Solve it by ignoring sockets, calling avoiding use of 'cpu'
And symlinks to appropriate uncore:
ntime/core0/msr/
ntime/core0/uncore -> ../uncore0
ntime/core5/msr/
ntime/core5/uncore -> ../uncore1
ntime/uncore0/msr/
ntime/uncore0/pci
ntime/uncore1/msr
ntime/uncore1/pci
Aliases (intel/ etc) are at same level as msr/ and pci/ for both
Normally syscalls (like read from device fd) happen on callers thread/core.
To handle request to read or write another core with read(fd).
smp_call_function_single() should work
User space RDPMC will be impossible --- should refuse to issue this type if cross core
Counter init should pin thread to current core
Unified fast read for all counters/monitors:
ntime_get_reader(&counter)
counter->fd = open(ntime/device)
struct { int type; void *data } reader = mmap(fd)
counter->read = choose_reader(reader.type)
counter->data = reader.data
munmap(reader) // actual map (if any) is at data
counter.read(counter)
mmap() is used/abused to return something other than a normal map
Mapping only occurs for PCI type and is returned as .data
Need to use mmap() instead of ioctl so that mapping is possible for PCI
Type 0: default read from fd
Type 1: data is PCI, use *data
Type 2: data is PMC, use RDPMC(data)
Type 3: data is MSR, root can use RDMSR(data), others read fd
Type 4: data is TSC, use RDTSC (?)
Fast reader functionality will be wrapped in 'init' function for counter.

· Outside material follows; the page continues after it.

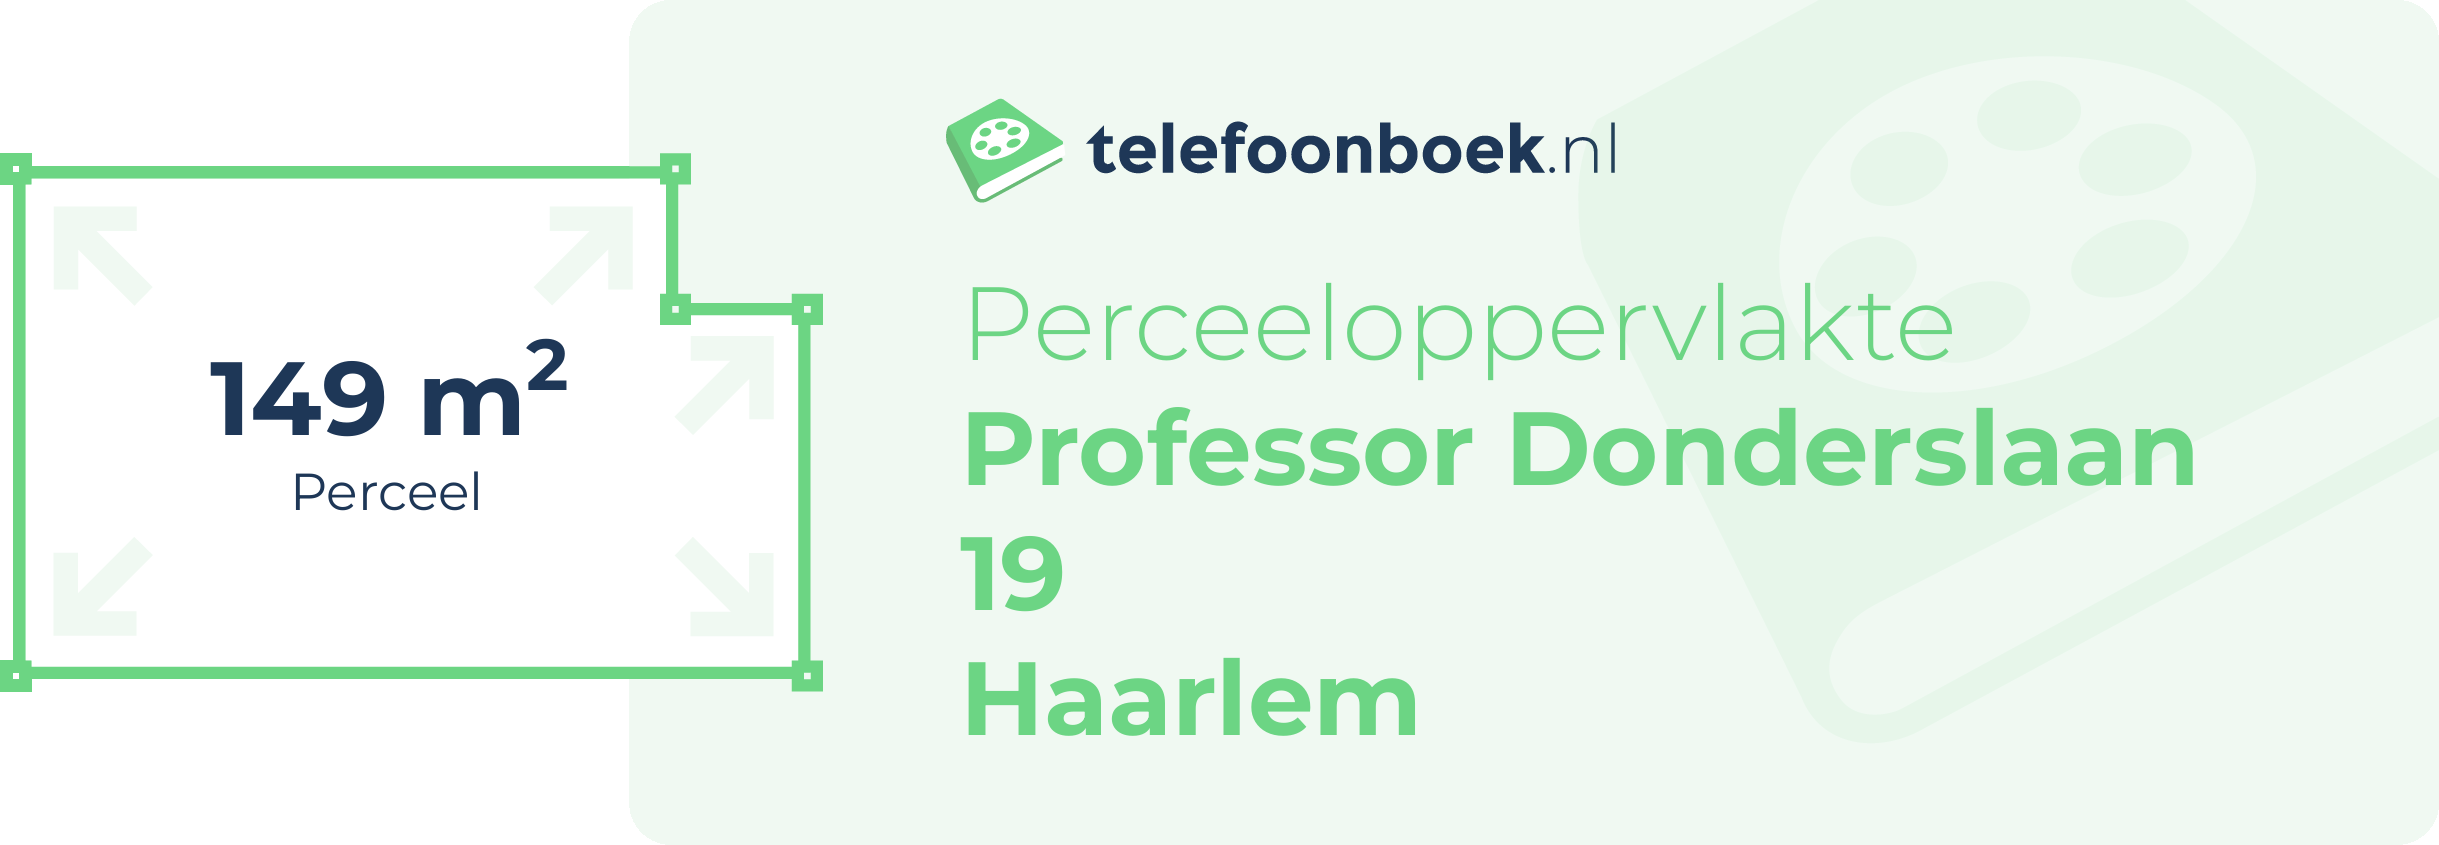 Perceeloppervlakte Professor Donderslaan 19 Haarlem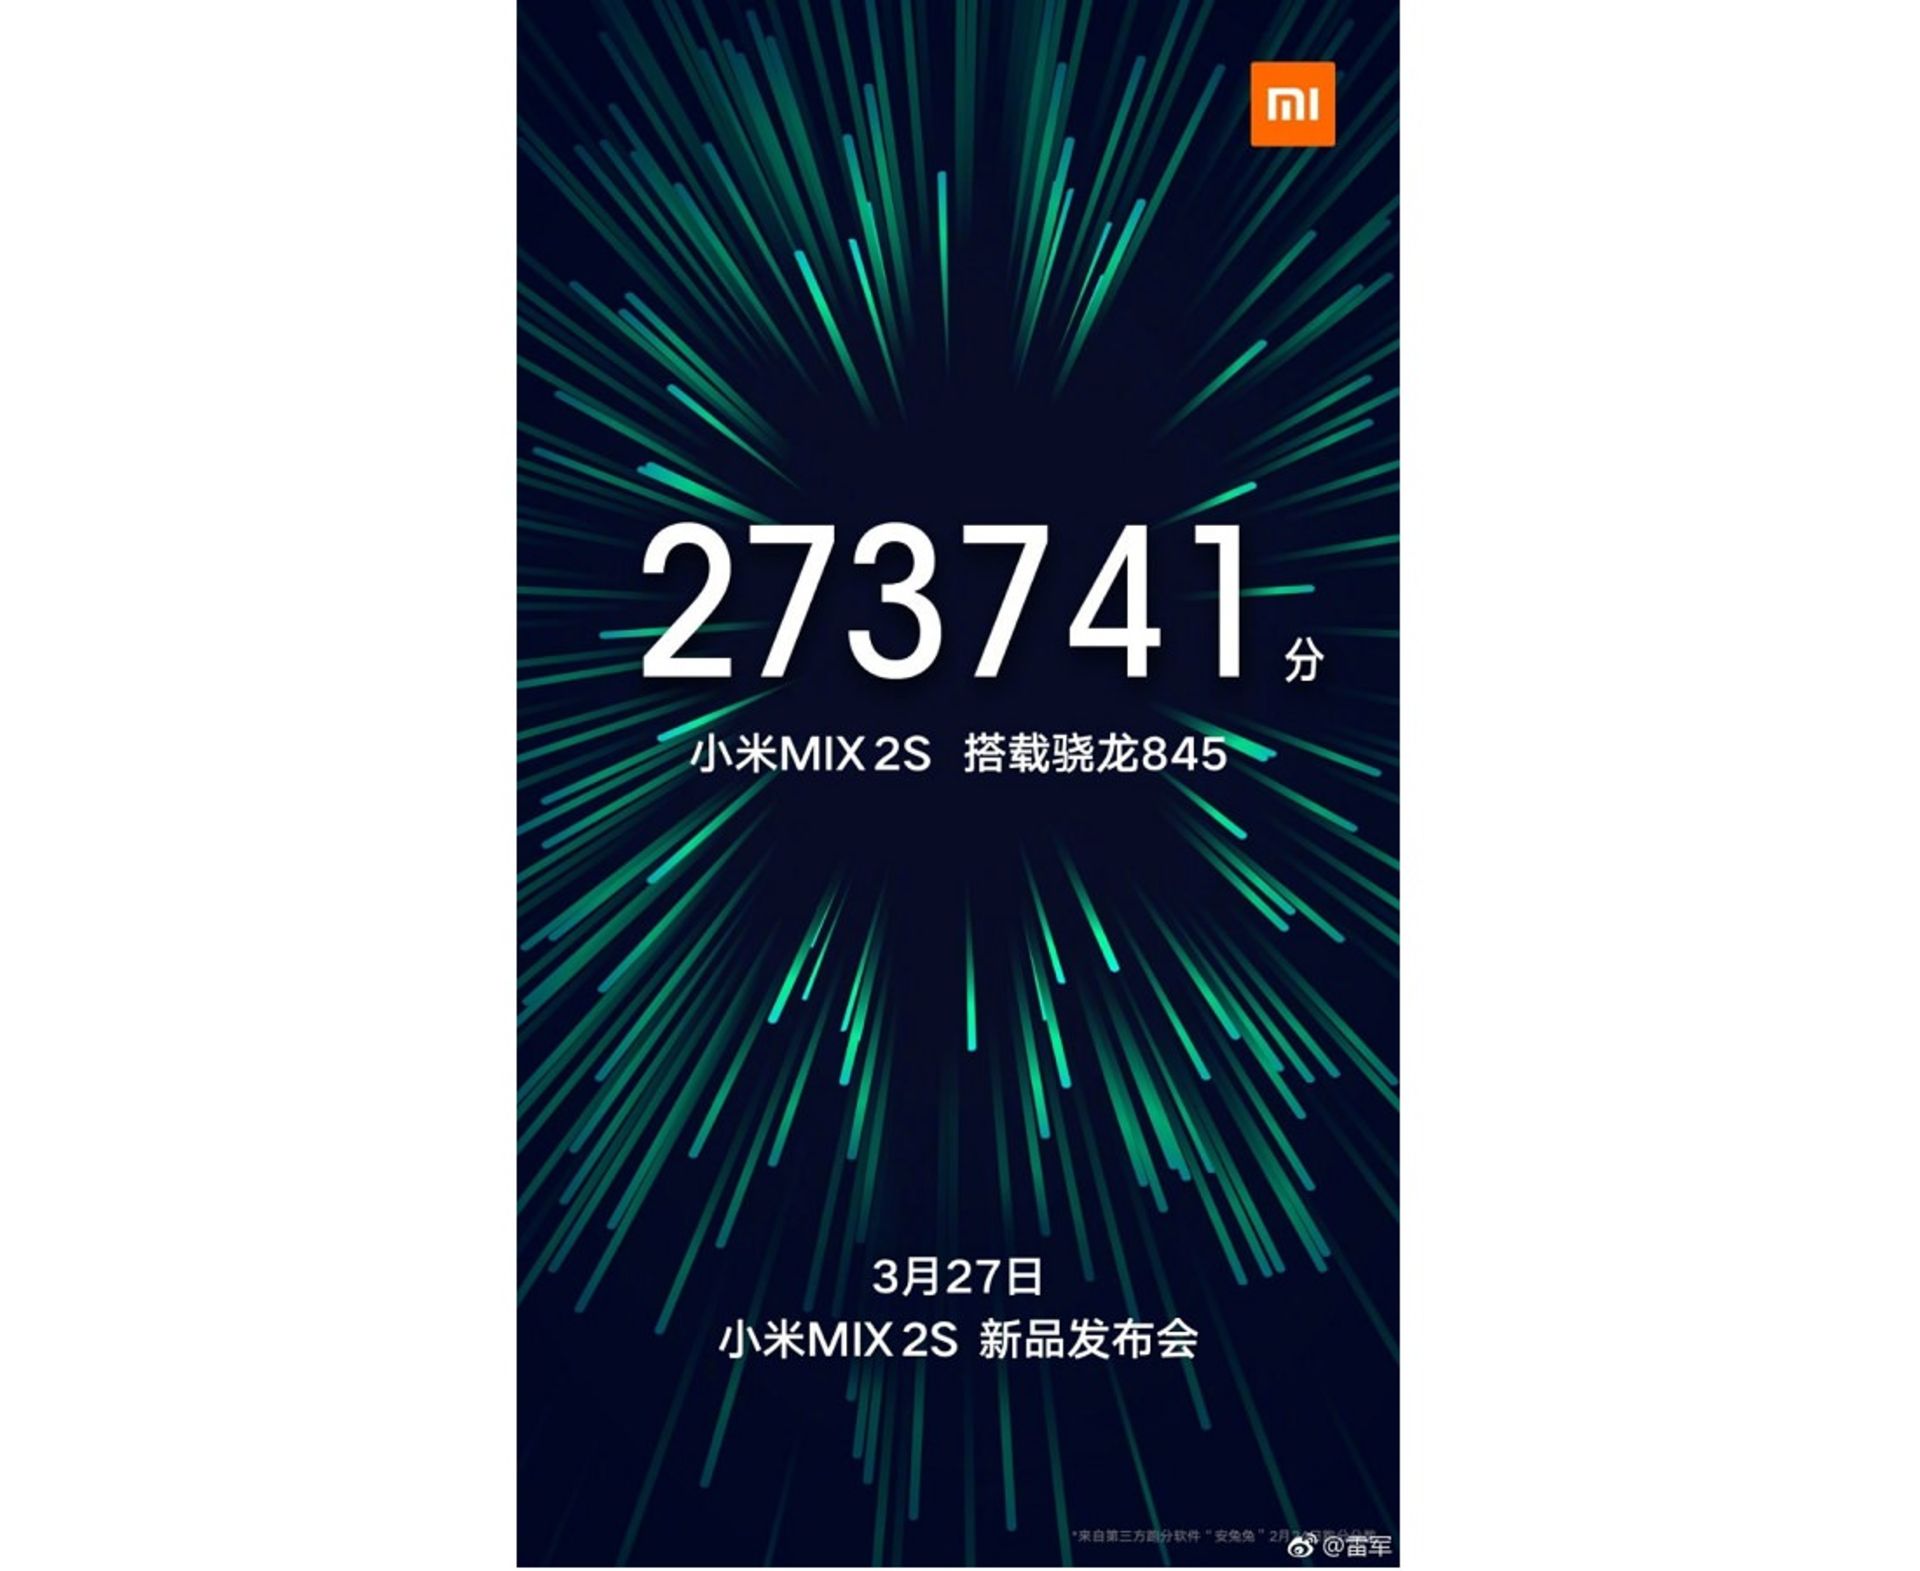 Xiaomi Mi MIX 2S Announcement Confirmation

All reads return 64 bit results for consitency (converted internally)
Writes are always write(fd) (although PCI write would work if map is r/w)
open() only allows one open writer (others fail or block) per device
1 writer + reader(s) OK, user is assumed to be doing the coordination.
mmap() is allowed on all devices, even if it can't be mapped properly.
Primary security is file level permissions set by administrator.
If permissions are correct, mmap() will:
1) Change fd interface to expect binary data
2) Map in PCI space if appropriate
3) Return info for the caller to choose the fastest read/write methods
4) Return value is also newly mapped, and can be unmapped immediately.
mmap() security isn't perfect, since whole page needs to be mapped.
Allows access to other registers on that PCI device
Should be safe enough for read only
Perhaps always map read only for security?